For Caribbean Basin or Andean countries, your exemption is also $800. These countries include:
- Antigua and Barbuda
- Aruba
- Bahamas
- Barbados
- Belize
- Bolivia
- British Virgin Islands
- Colombia
- Costa Rica
- Dominica
- Dominican Republic
- Ecuador
- El Salvador
- Grenada
- Guatemala
- Guyana
- Haiti
- Honduras
- Jamaica
- Montserrat
- Netherlands Antilles
- Nicaragua
- Panama
- Peru
- Saint Kitts and Nevis
- Saint Lucia
- Saint Vincent and the Grenadines
- Trinidad and Tobago
You may include two liters of alcoholic beverages with this $800 exemption, as long as one of the liters was produced in one of the countries listed above. Please see the Sending Purchases from Insular Possessions and Caribbean Basin Countries- Duty-Free Shops page for more information. ( Sending Purchases from Insular Possessions and Caribbean Basin Countries- Duty-Free Shops )

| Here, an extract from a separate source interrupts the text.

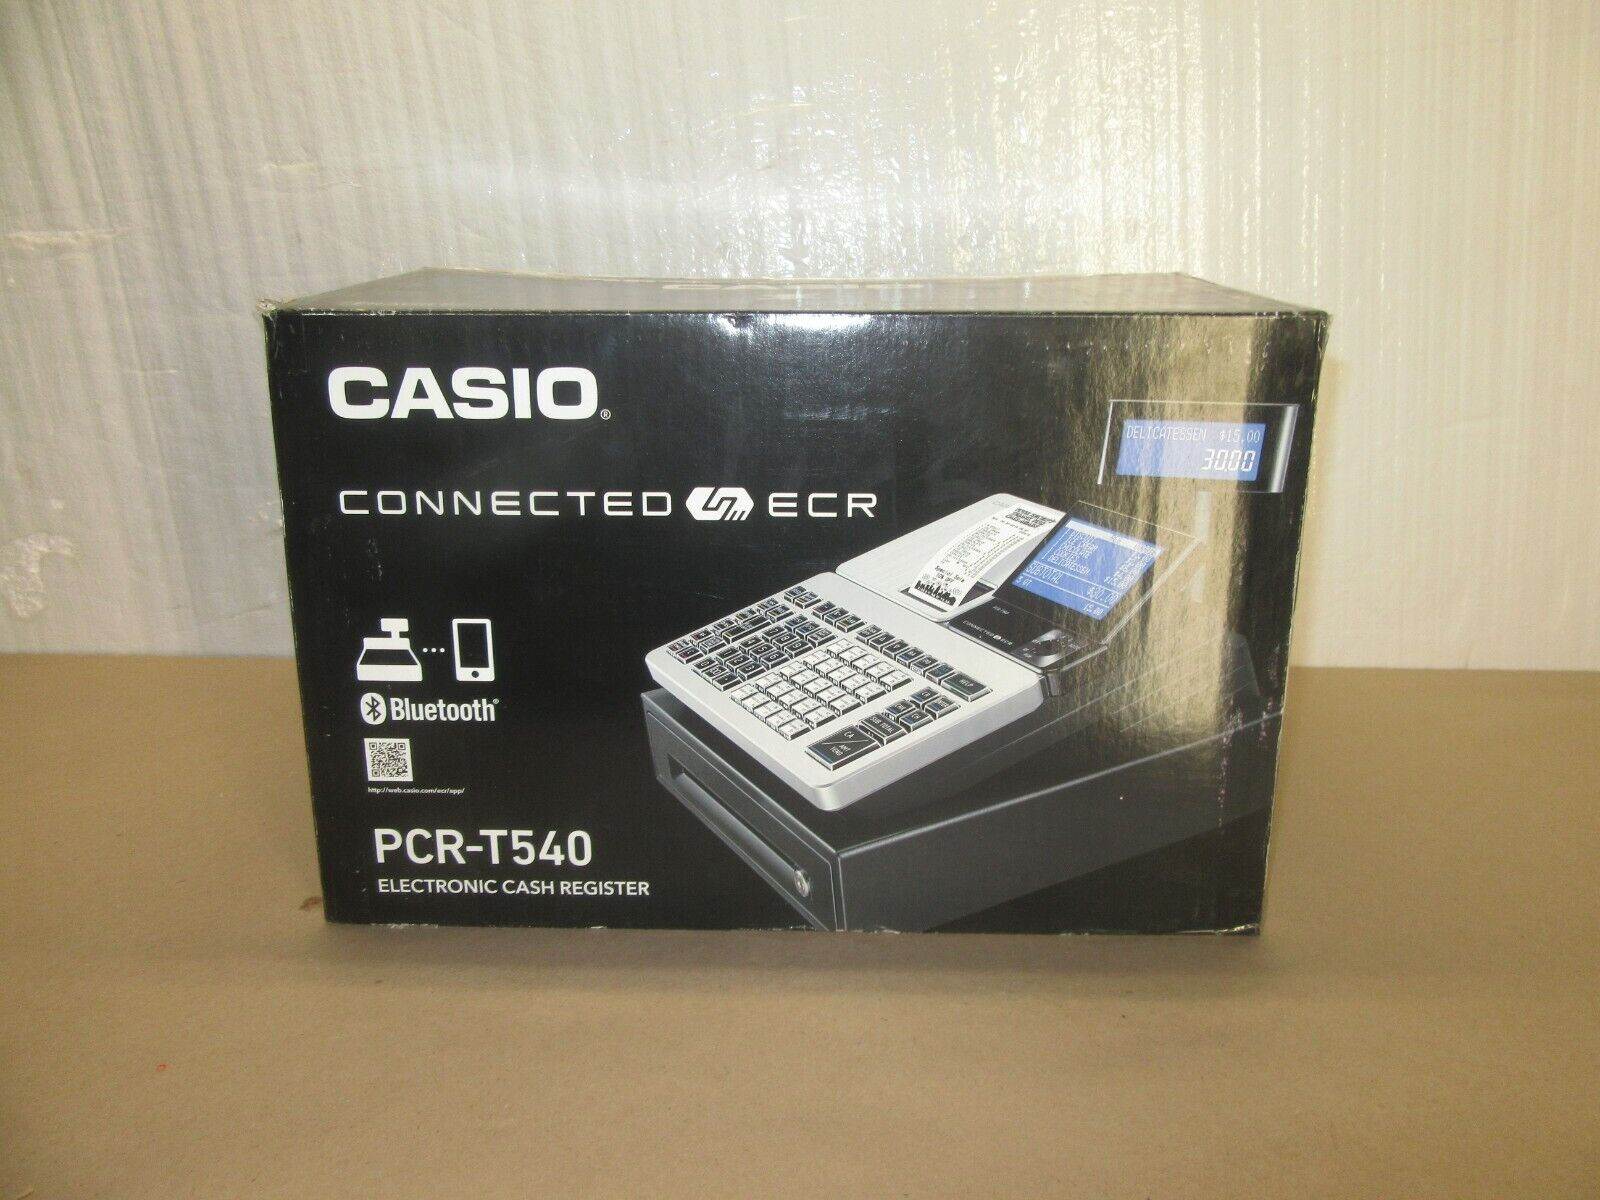 Casio PCR-T540 Cash Register Pcr T540
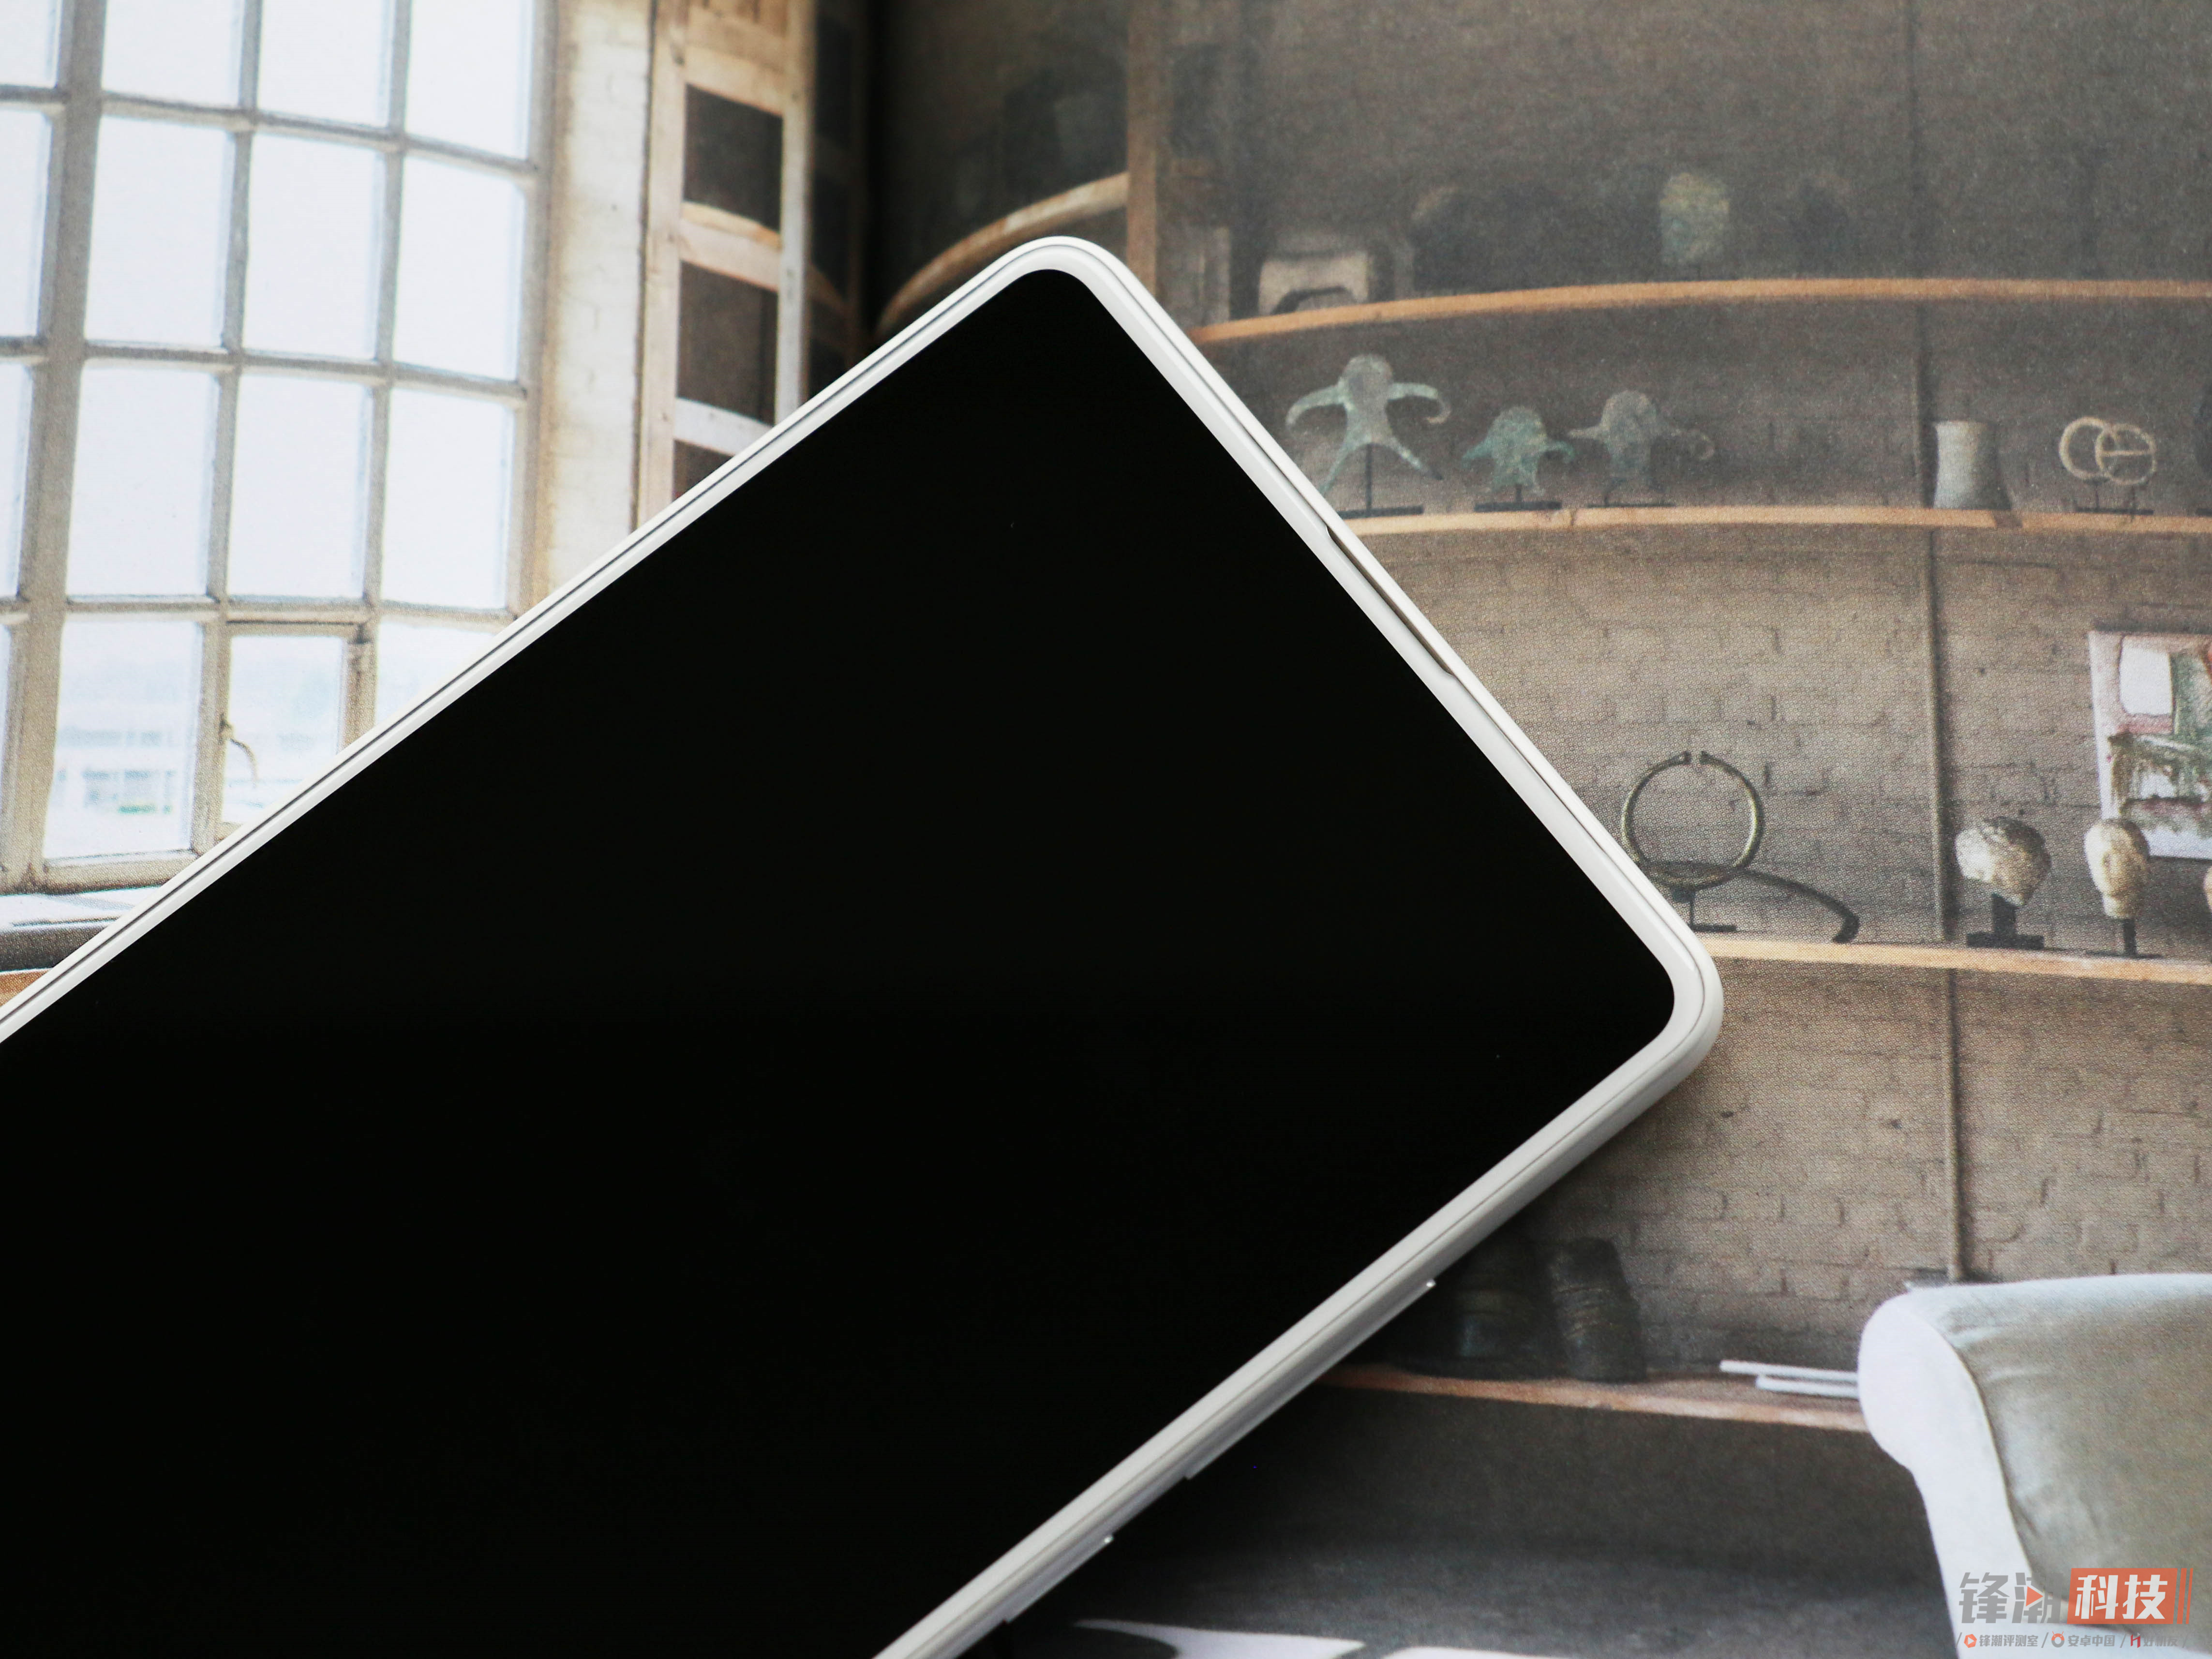 【力皮西】宛如艺术品般的存在:小米MIX 2全陶瓷尊享版 真机图赏

Depending on what items you’re bringing back from your trip, you could come home with more than $800 worth of gifts or purchases and still not be charged duty. For instance, say you received a $700 bracelet as a gift, and you bought a $40 hat and a $60 color print. Because these items total $800, you would not be charged duty, since you have not exceeded your duty-free exemption. If you had also bought a $500 painting on that trip, you could bring all $1,300 worth of merchandise home without having to pay duty, because fine art is duty-free.